Friday, August 27, 2021

Point of No Return in Discipleship


If you've been in church for as long as I have, hearing or seeing the word "discipleship" can almost send you into a coma. The picture that comes to mind is nearly universal: a group of people – it could be students or adults (the program is numbingly the same), sitting in uncomfortable chairs arranged in a circle, listening to a teacher talk on and on about the life and teachings of Jesus.

The success of a discipleship program is measured in attendance and memorization of Biblical trivia. Can you name the village near the well where Jesus spoke to the woman drawing water? How many times did Joshua tell the Israelites to walk around Jericho? If you can answer these questions correctly, you are deemed a "spiritual person."

For most of us, we will stay committed for a while but then we will get bored or busy and we will drop out. Occasionally, we will complain about the shallowness of the sermons we hear every Sunday, but few of us will put any real energy toward digging deeper into Scripture. Life is complex and difficult, and we don't see how a book with 2000-year-old words can help us negotiate our modern challenges.

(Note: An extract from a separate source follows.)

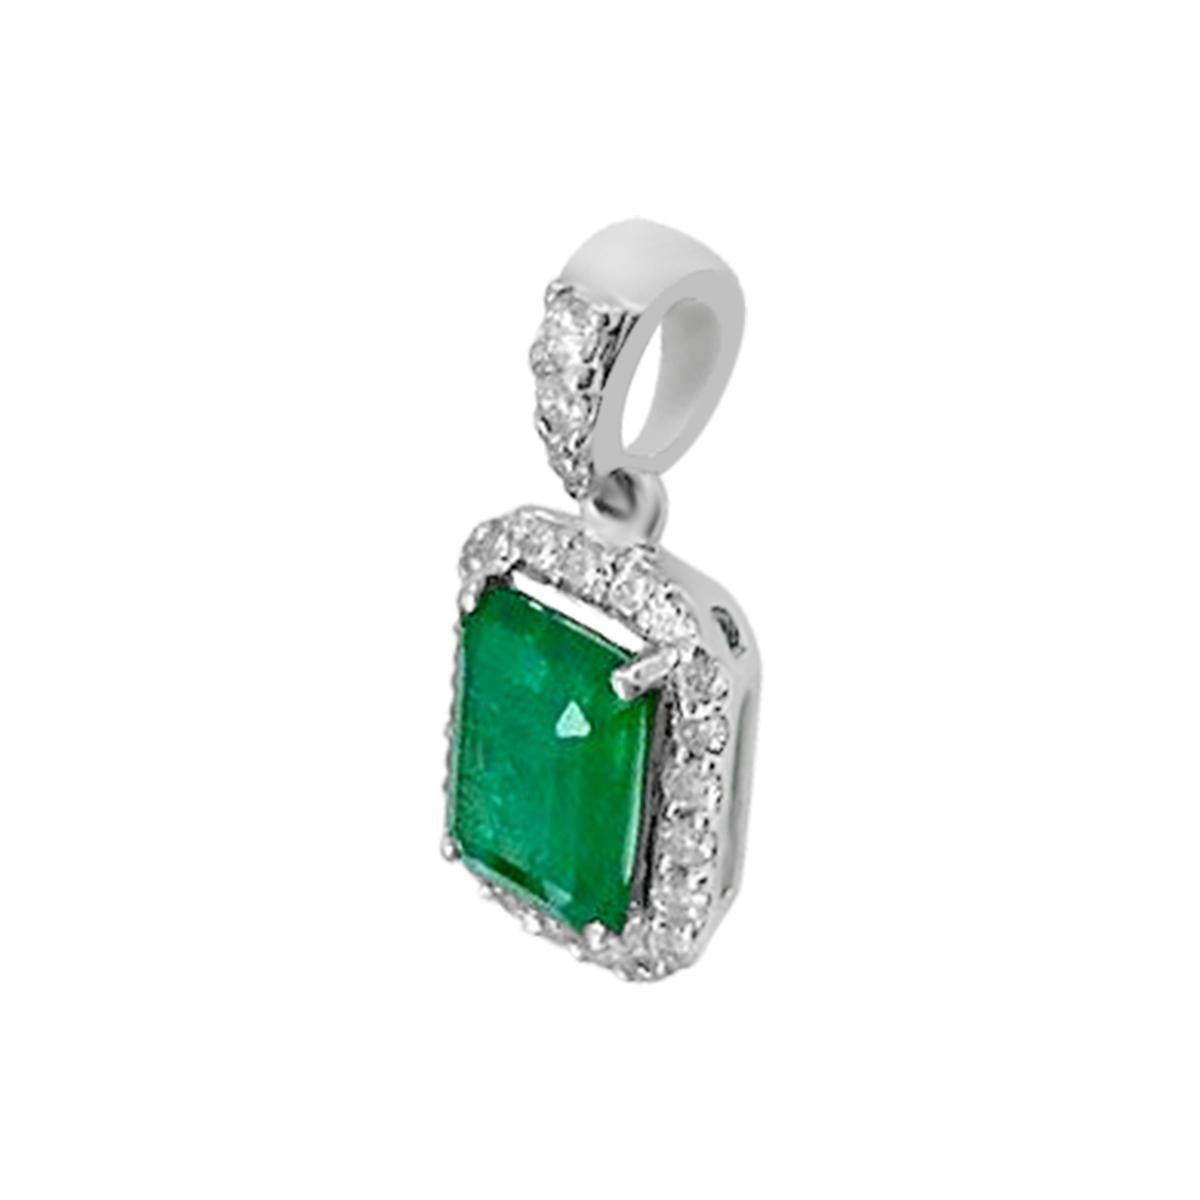 Sparkle From Night To Day With This Emerald Pendant.
The Beautiful Emerald Pendant Features A Elegant 7x5mm Emerald Octagon Shaped Gemstone And Diamonds. This Beautiful Piece Is Settled In 14k White Gold Makes It A Real Sparkling

How did the word "disciple" go from someone we are to something we do to an achievement to be mastered, like graduating from college? In the day of Jesus, a disciple would move in with their rabbi. They would be with the teacher 24 hours a day, seven days a week. Sure, the student wanted to learn what the teacher knew, but they also wanted to learn how the rabbi lived. When Jesus asked if the disciples wanted to leave, Peter responded by saying that only Jesus had the words of life. I find Peter's response interesting. Notice, he didn't say Jesus had the words of righteousness, or the way to get to heaven. Peter said Jesus had the words of life. More than having a lot of good knowledge, Jesus knew how to live.